Letters for the week of February 7-13, 2007 

Readers comment on Fremont crime, Oakland litter, and the battle over Wolfgang's Vault.

Page 2 of 4

Why do they dump in West Oakland instead of somewhere else? The dark side of the Golden Rule is, "Don't expect someone to treat you any better than they treat themselves." People who eat nasty food and blow through stop signs aren't going to give a shit about the environment and will dump their garbage wherever it's convenient for them. Many people who live in this neighborhood dump on these streets and demonstrate to their children that that is acceptable behavior. They dump trash in their own yards, so of course this place is ideal to come to save money otherwise spent at Davis Street.

References from Robert Lewis' article highlight what appears to be inadequate training of the Litter Enforcement Officers: disturbing the physical evidence to render it useless, and officers learning police strategies from television shows. Add to this a political and legal system that can't get it together to raise funds from fines to support an enforcement program for litterbugs.

What I didn't read in the article was about any effort to innovate. How about surveillance cameras, sting operations, and community policing? I suppose trash in the streets doesn't measure up for innovative resources when there's a dead body on top of the heap because people are shooting each other over drug turf. We're dealing with a pyramid of crime in Oakland, and murder is at the top. At the bottom is the littering, loitering, dumping, illegal parking, and cars blowing through stop signs. I suggest the easy way to get to the criminals who murder and rape, and all the stuff that sells newspapers and long commutes to overpriced suburban tract homes, is the low hanging fruit at the bottom of the crime pyramid. If they blow through stop signs, take their license. If they dump on private or public property, fine them. If they park illegally or drive without insurance, take their cars. As long as this is a friendly environment for the lawless to live their despicable lives, this will be the place to dump. And solicit prostitution, and find street drugs, and murder.

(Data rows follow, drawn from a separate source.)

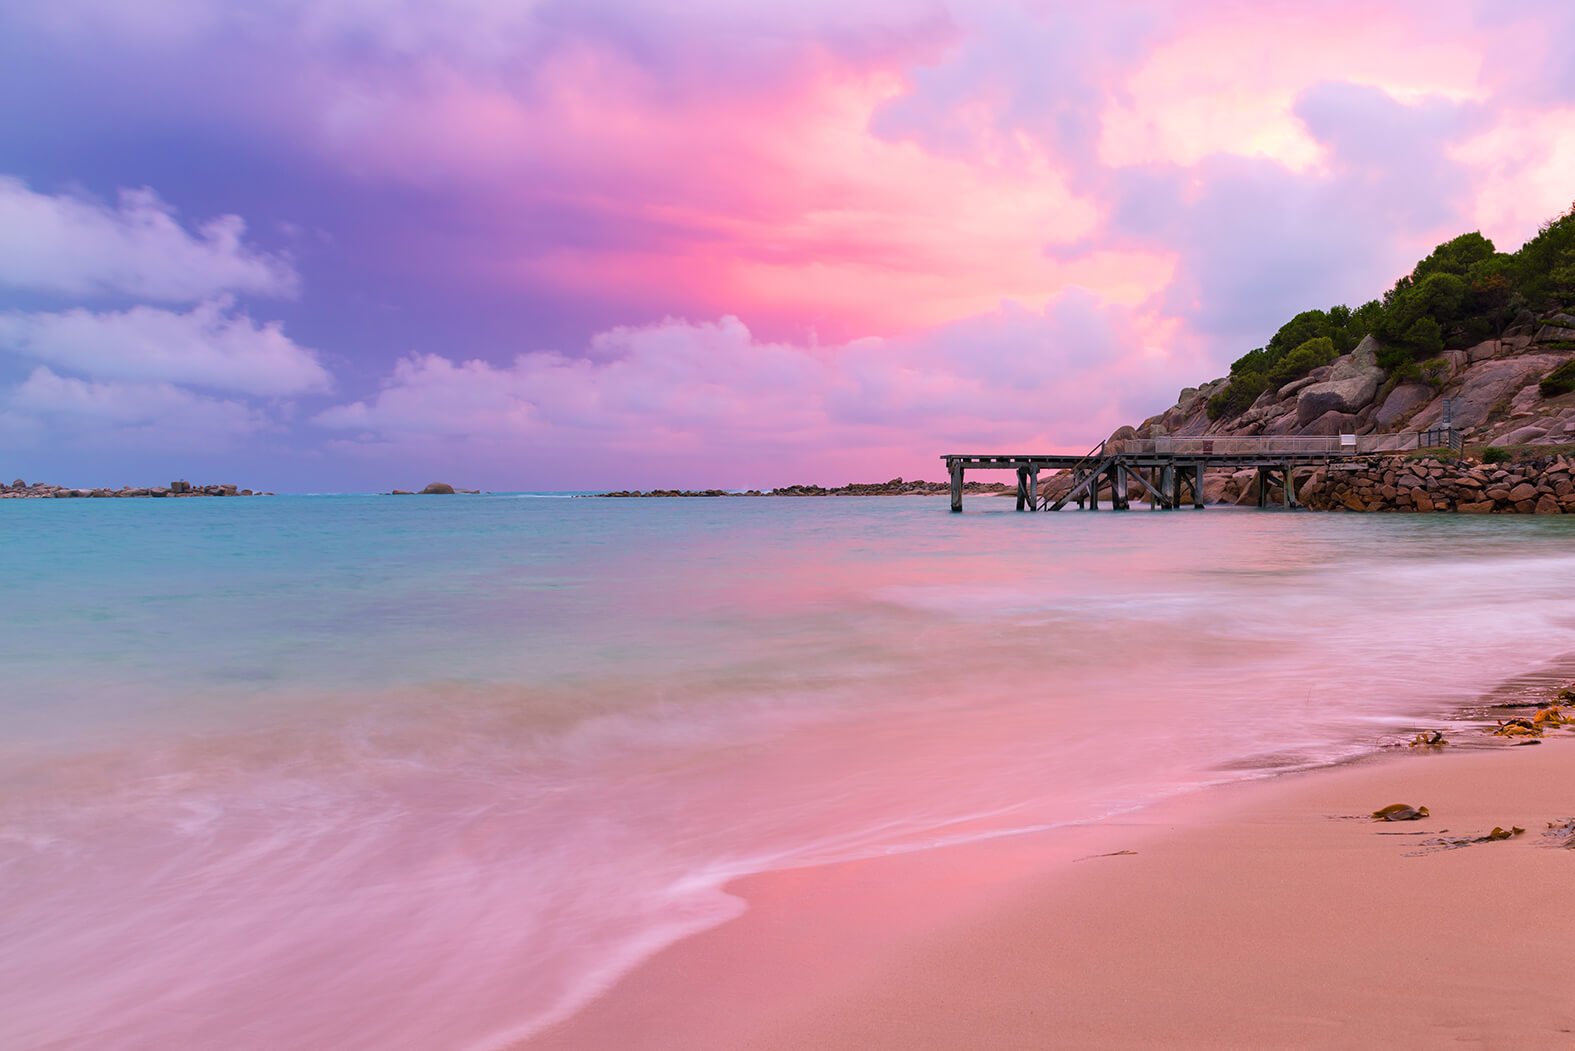 Пляж Пантай мера с розовым песком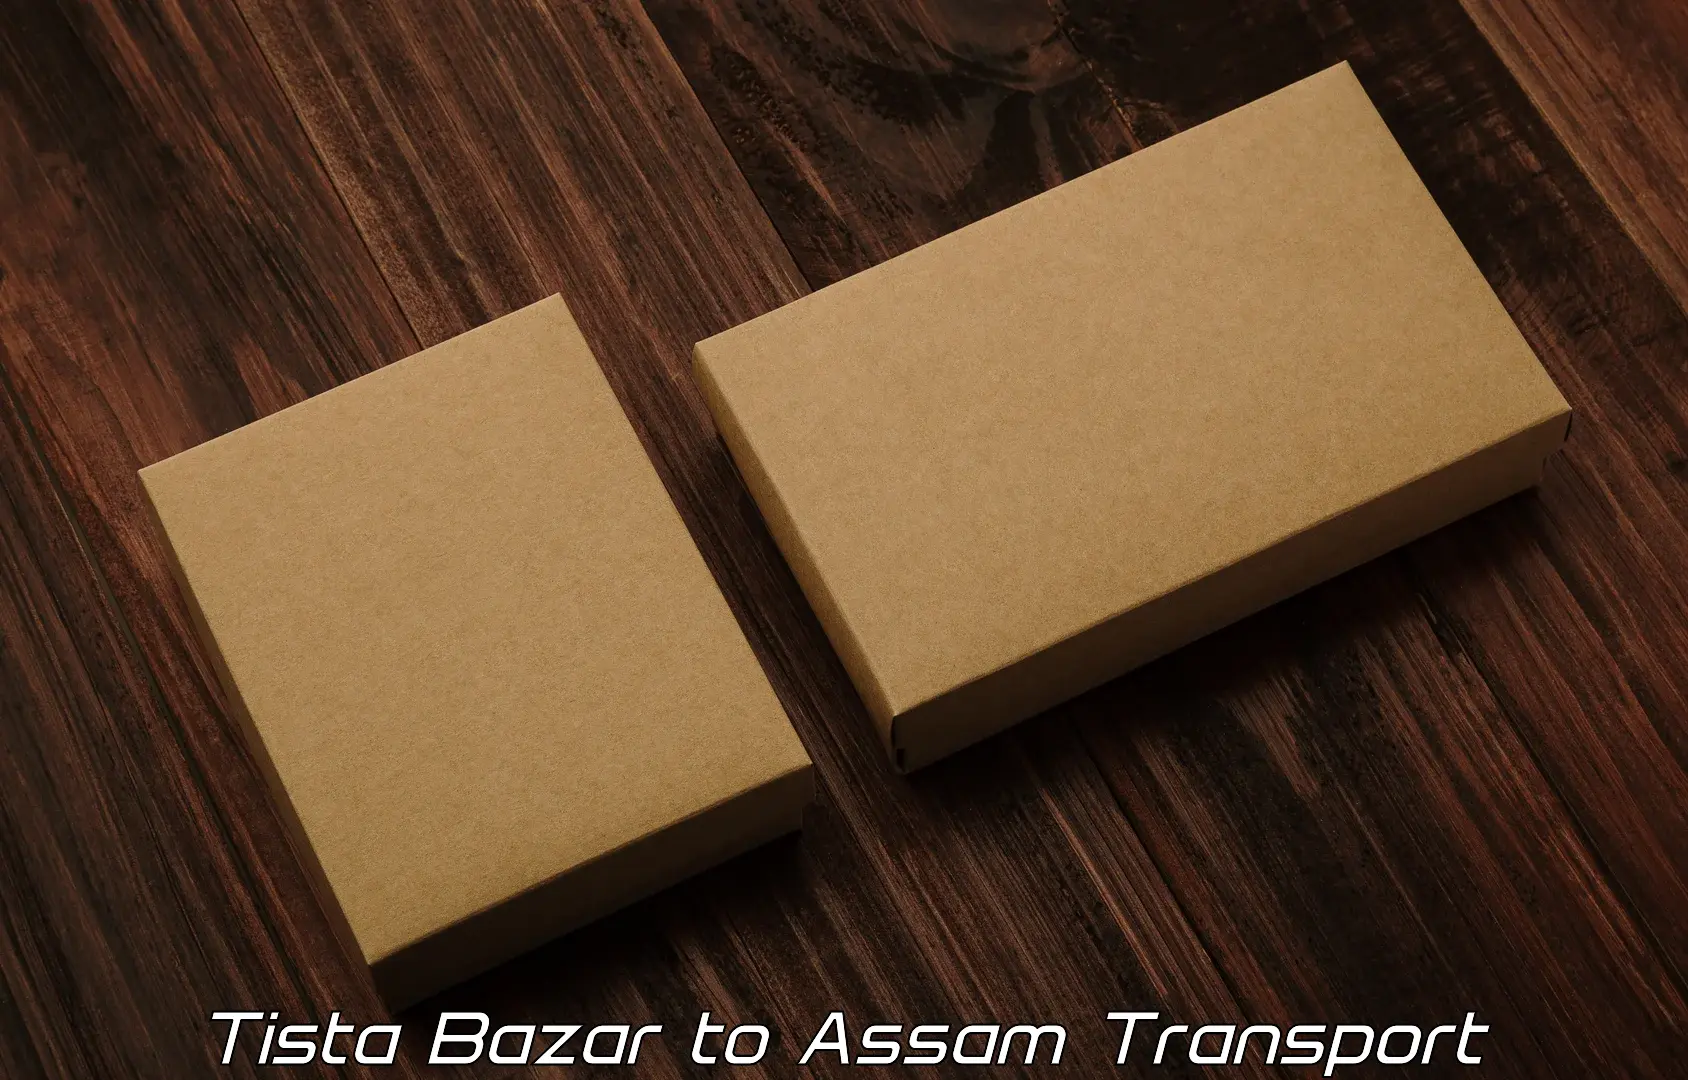 Interstate transport services Tista Bazar to Tezpur University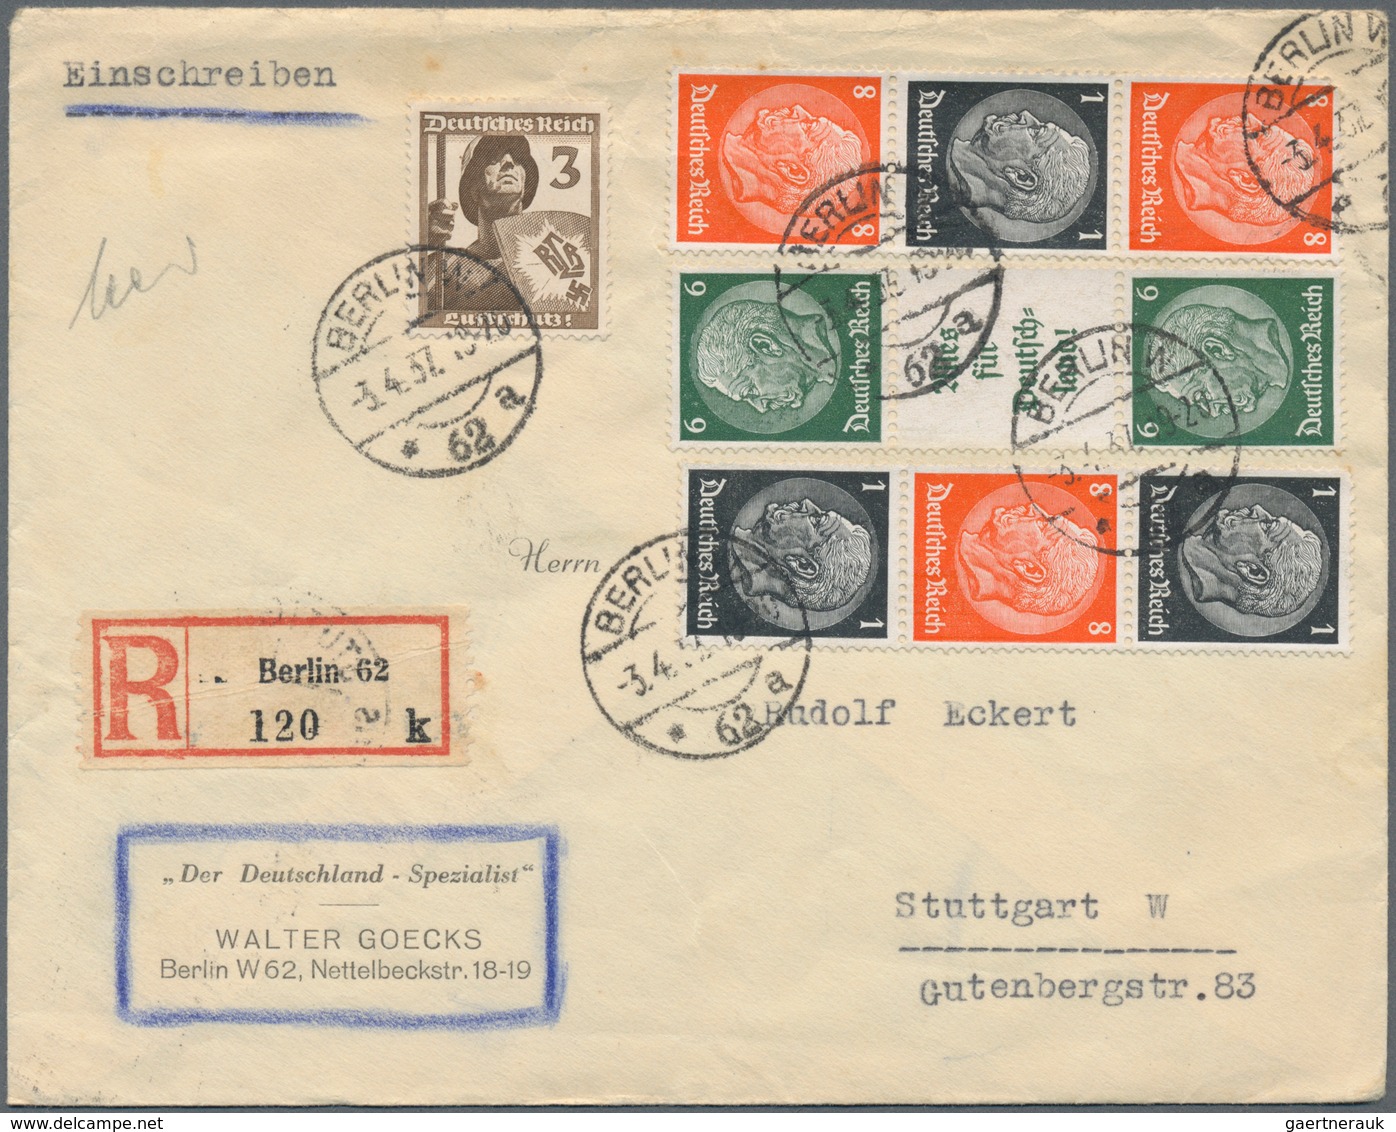 Deutschland: 1860-1960, Partie mit zumeist deutschen Briefen, Belegen, Ganzsachen und Ansichtskarten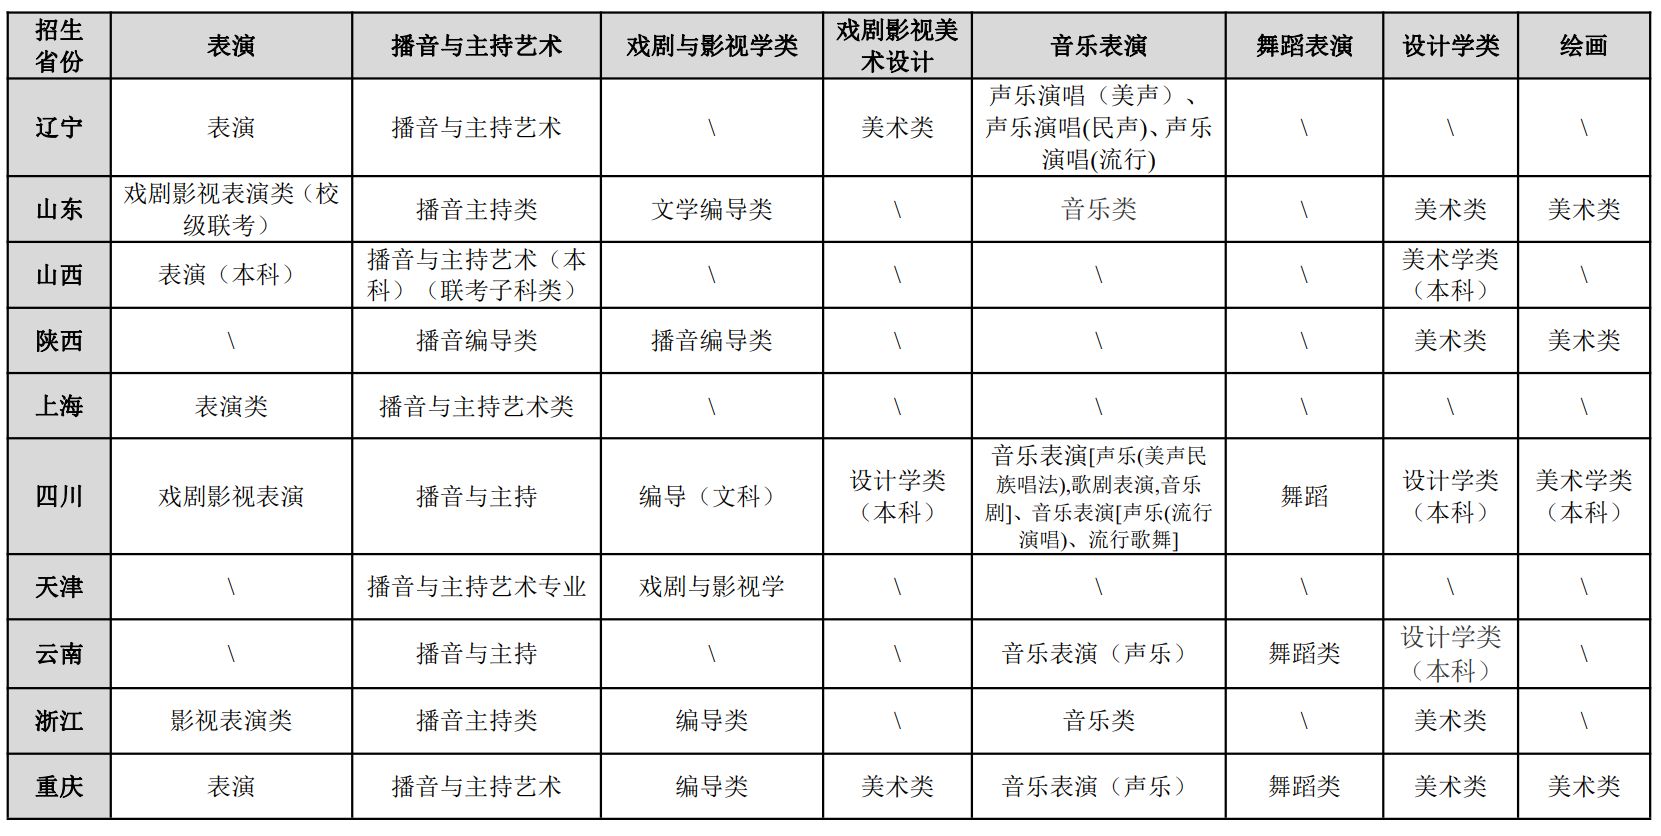 2022年重慶大學藝術類專業招生簡章、招生專業、省份及計劃、身高要求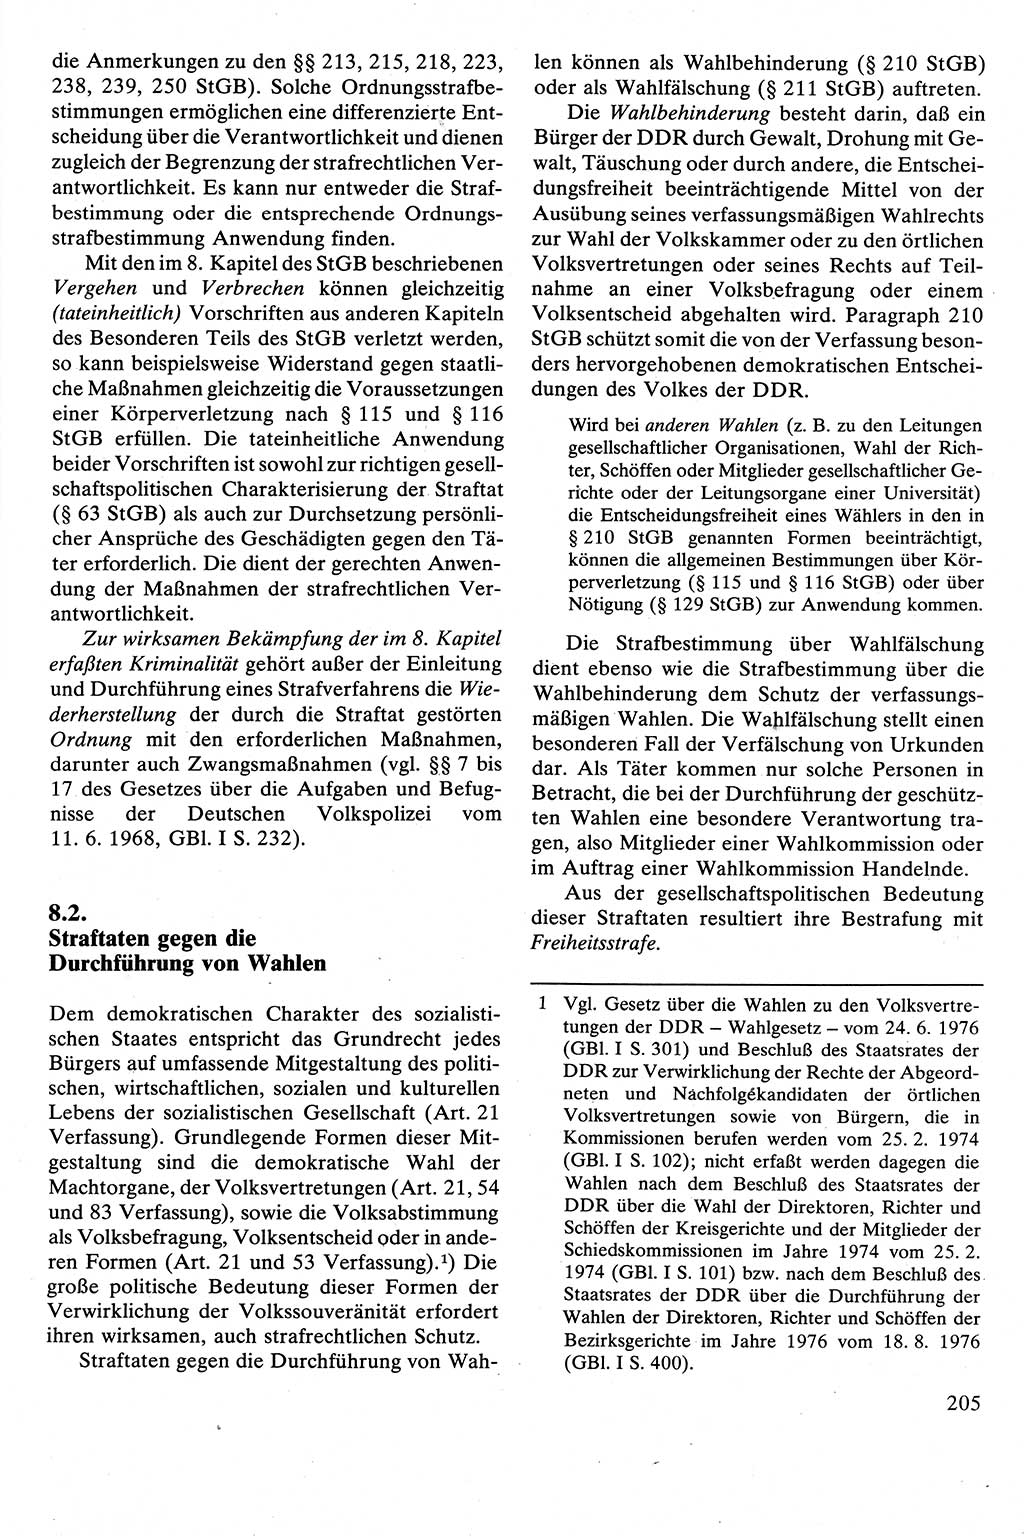 Strafrecht [Deutsche Demokratische Republik (DDR)], Besonderer Teil, Lehrbuch 1981, Seite 205 (Strafr. DDR BT Lb. 1981, S. 205)

As negative as I may sound, things have slowly but steadily improved in West Oakland over the past four years. But we have a long way yet to go.
Vince Rubino, West Oakland

Thank You, Lerneda
Thanks for your article about Lerneda Lacy, Garbage Cop. This unsung heroine often got a "hallelujah" from me when I was teaching English to immigrant adults in a lonely classroom on an abandoned East Oakland street last year. When we showed up to work in the morning, we never knew what we would find in the street in front — sofas, fridges, stolen cars, hundreds of empty CD cases, and once even rotting cow hooves. For a while we were plagued with regular forty-gallon bags of a thousand rotting oranges every Monday morning. (The kids from Fremont High used to play "throw the rotten orange at your friend" sometimes after school.) We managed to build a warm learning atmosphere inside the classroom, but the street outside always threatened to bum everybody out.

For us Lerneda was a shining beacon of sanity because our calls to her always meant the garbage disappeared ASAP. Sometimes she would come poke through the garbage trying to nab the culprit, other times she just sent a truck to haul away the stoves and mattresses.

Eventually Lerneda was assigned to a different area, and we were left in a gray area as city, school district, and adult school functionaries blamed the problem on each other. Last September the school even closed for a while, mostly because of a collective inability to cope with garbage, and it looked for a while like the forces of degeneracy had won. But that's a story for another time. I just wanted to add my "Thank you, Lerneda."
Sam Davis, Oakland

Where to Dump It
Thank you for deeming illegal dumping a worthy topic to write about. It certainly affects the entire community in terms of aesthetics and public health. I do believe, however, that the article could have been more informative and educational. In reality, the issue is much larger than illegal dumping — it's about access and information and your article in a widely read and free newspaper could have been a vehicle to provide, albeit subtly, at least a bit of it.

First of all, let's acknowledge how challenging it can be to actually get debris to the appropriate resting place. Really, we don't want people dumping legally or illegally. Ideally, we want to divert goods from the landfill and that requires a certain amount of understanding of debris management and the appropriate method(s) of removing these items from homes or businesses. For example, there is electronic waste, hazardous waste, food waste, other recyclable items, and garbage, etc. With these various items, there are preferred methods of disposal, e.g., recycling. Further, there is more than the Davis Street Transfer Station as a resource to facilitate this local and global goal.

With that said, here are at least a few more resources that could have been included in your article:

Most single-family residences have the opportunity to have at least one clean-up day per year — all they have to do is call and schedule it with their sanitation provider. This clean-up day can include bulky items like sofas and refrigerators, hazardous waste, etc.

Multi-family residences also have one clean-up day, but it would have to be a coordinated effort by the landlord or manager for the entire building.

There are often free e-waste events (as recently as January 9 and 10) sponsored by the County where residents can drop off old computers, faxes, CDs, etc.

Usually, hazardous waste is accepted on these days, too (batteries, paint, fluorescent lights, etc.)